The NPR Twitter account is now labeled "US state-affiliated media," similar to how RT and Xinhua are labeled "Russia state-affiliated media" and "China state-affiliated media." That move contradicted Twitter's own policy on labeling government or state-affiliated media accounts, which said:
State-financed media organizations with editorial independence, like the BBC in the UK or NPR in the US for example, are not defined as state-affiliated media for the purposes of this policy.
Twitter deleted "or NPR in the US" from that line of the policy, apparently doing so shortly after a Washington Post reporter pointed out last night that "Twitter branding @NPR 'state-affiliated media' literally conflicts with its own policy." Twitter removed NPR from the policy sometime after 2:34 am UTC today, Internet Archive captures show.
Twitter not thorough in scrubbing policy
But Twitter wasn't very thorough in scrubbing NPR from its guidelines. There's another Twitter help page that describes the policy and as of today still contained the same language stating that "the BBC in the UK or NPR in the US for example, are not defined as state-affiliated media." The BBC's Twitter accounts have not been labeled as state-affiliated media.
When contacted by Ars today, NPR said, "This must be a mistake as it contradicts Twitter's own guidelines. We have reached out to Twitter to have the label removed."
But Musk appeared to confirm that the change was deliberate in a response to right-wing media personality Benny Johnson, who was once fired from BuzzFeed for 41 instances of plagiarism. Johnson got a reply from Musk today after posting a screenshot of NPR's state-affiliated media tag and writing, "GET REKT @NPR... Nicely done, @elonmusk ?."

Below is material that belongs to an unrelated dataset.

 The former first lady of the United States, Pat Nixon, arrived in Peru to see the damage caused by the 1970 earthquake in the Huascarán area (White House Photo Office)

Musk replied to Johnson, "Seems accurate," and included a screenshot from a news story quoting this language from Twitter's policy:
State-affiliated media is defined as outlets where the state exercises control over editorial content through financial resources, direct or indirect political pressures, and/or control over production and distribution.
NPR describes itself as "an independent, non-profit media organization," with most of its funding coming from "corporate sponsorships and fees paid by NPR Member organizations." Federal funding indirectly contributes to a large chunk of NPR's revenue because the publicly funded Corporation for Public Broadcasting provides annual grants to public radio stations that pay NPR for programming.

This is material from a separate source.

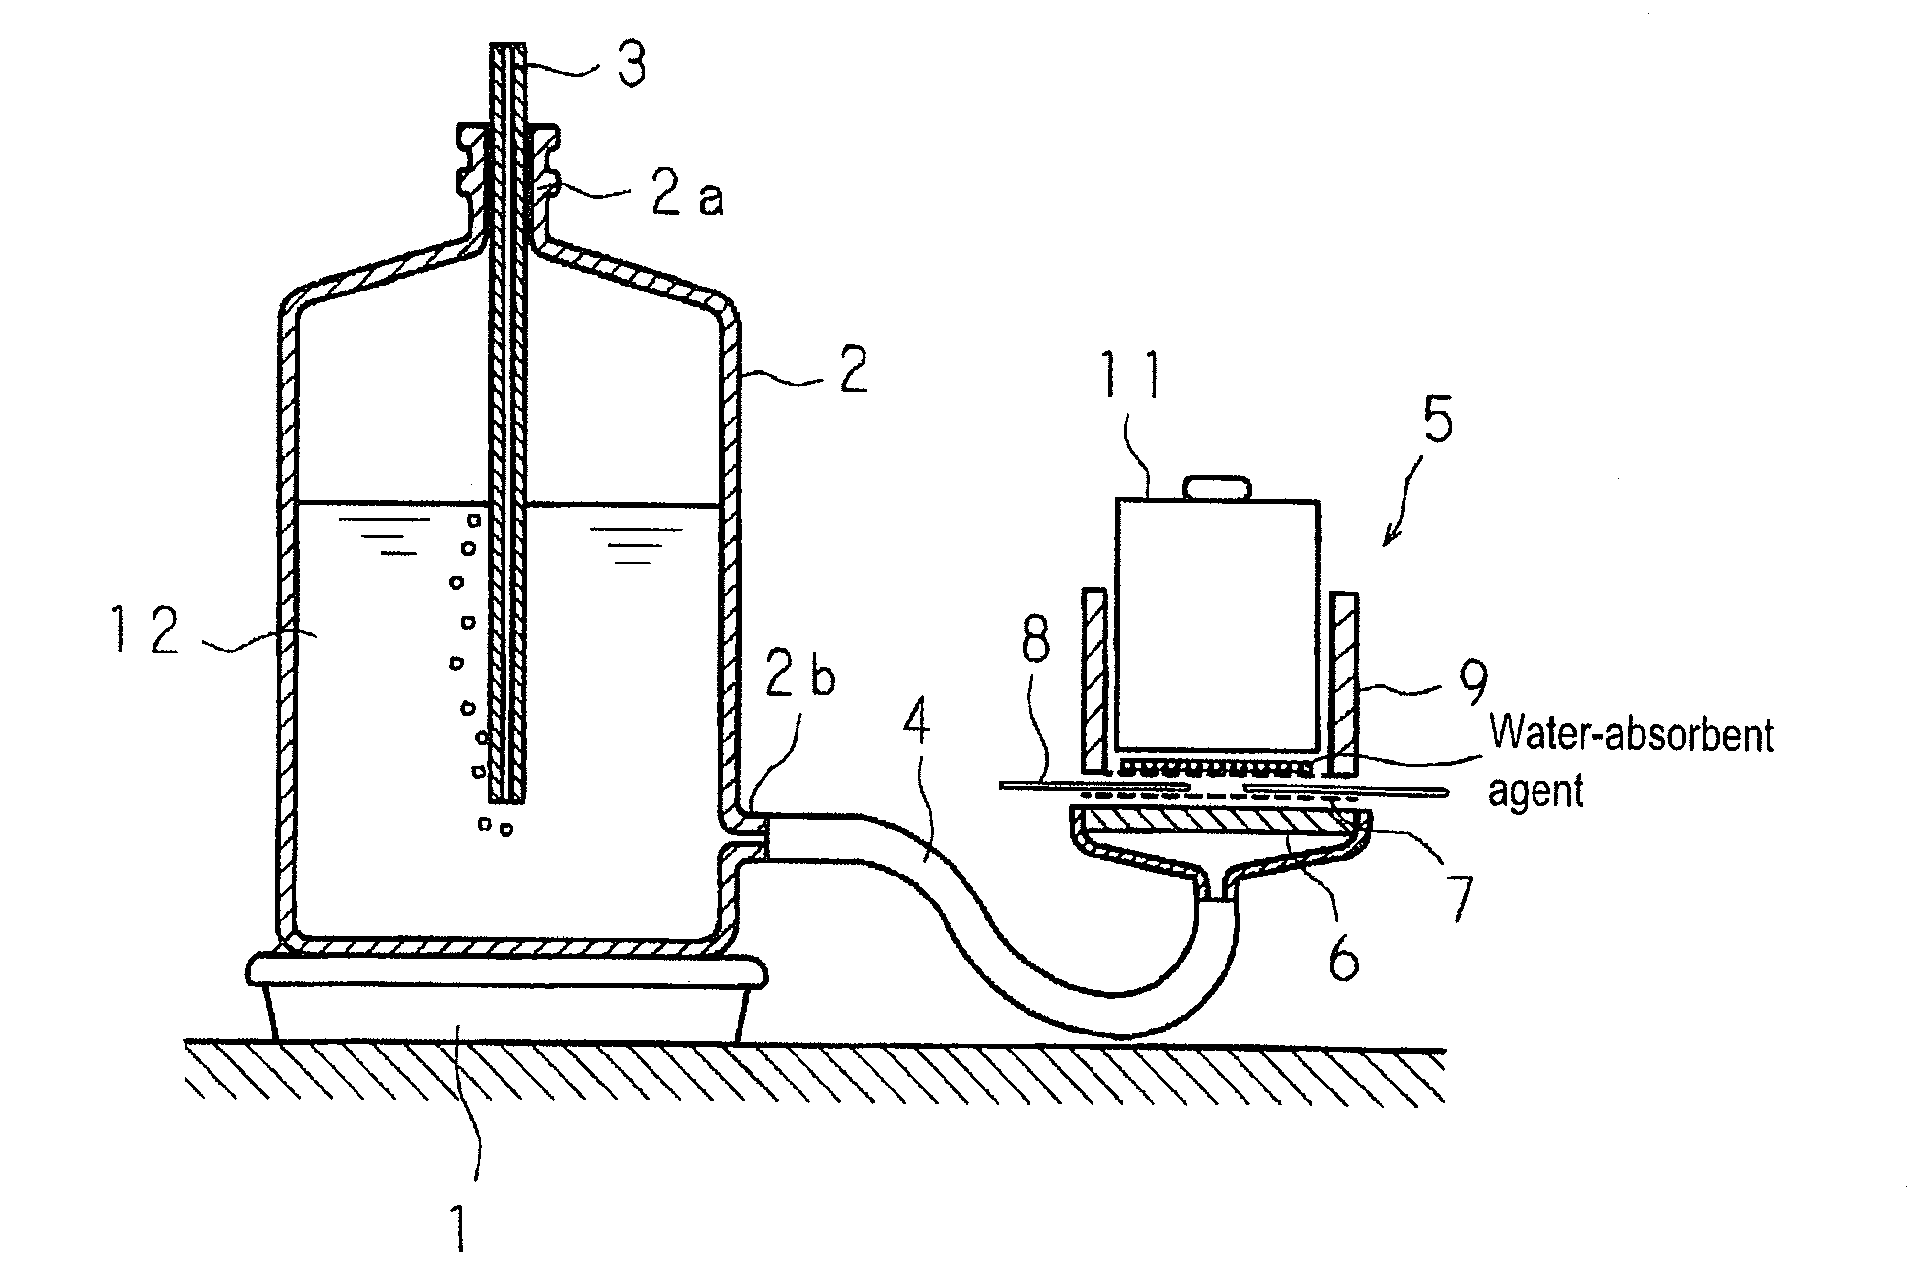 Particular water-absorbent agent having water-absorbent resin as main component

Twitter's "state-affiliated media" tag has an impact on how many people see an account's tweets. "In the case of state-affiliated media entities, Twitter will not recommend or amplify accounts or their Tweets with these labels to people," the company policy says.
Musk's feud with media
The NPR labeling occurred days after Twitter revoked The New York Times' verification badge over the paper stating publicly that it won't pay Twitter's new $1,000-per-month charge for businesses. The NYT lost verification even though the badge hasn't yet been pulled from other accounts that don't pay due to a grace period that Musk said would last a few weeks "unless they tell [us] they won't pay now." Musk also wrote, "The real tragedy of @NYTimes is that their propaganda isn't even interesting," and "their feed is the Twitter equivalent of diarrhea. It's unreadable."
Musk may have similar thoughts about NPR. Yesterday afternoon, he replied with an exclamation point to a tweet criticizing NPR for describing European right-wing politicians as "lobbing a conspiracy theory that elites want people to eat bugs."
Another tweet in the thread, though not the tweet that Musk responded to, said that "NPR thinks people don't like eating bugs because we are racist colonizers" and that "NPR is worse than the propaganda of Maoist schoolchildren during the cultural revolution."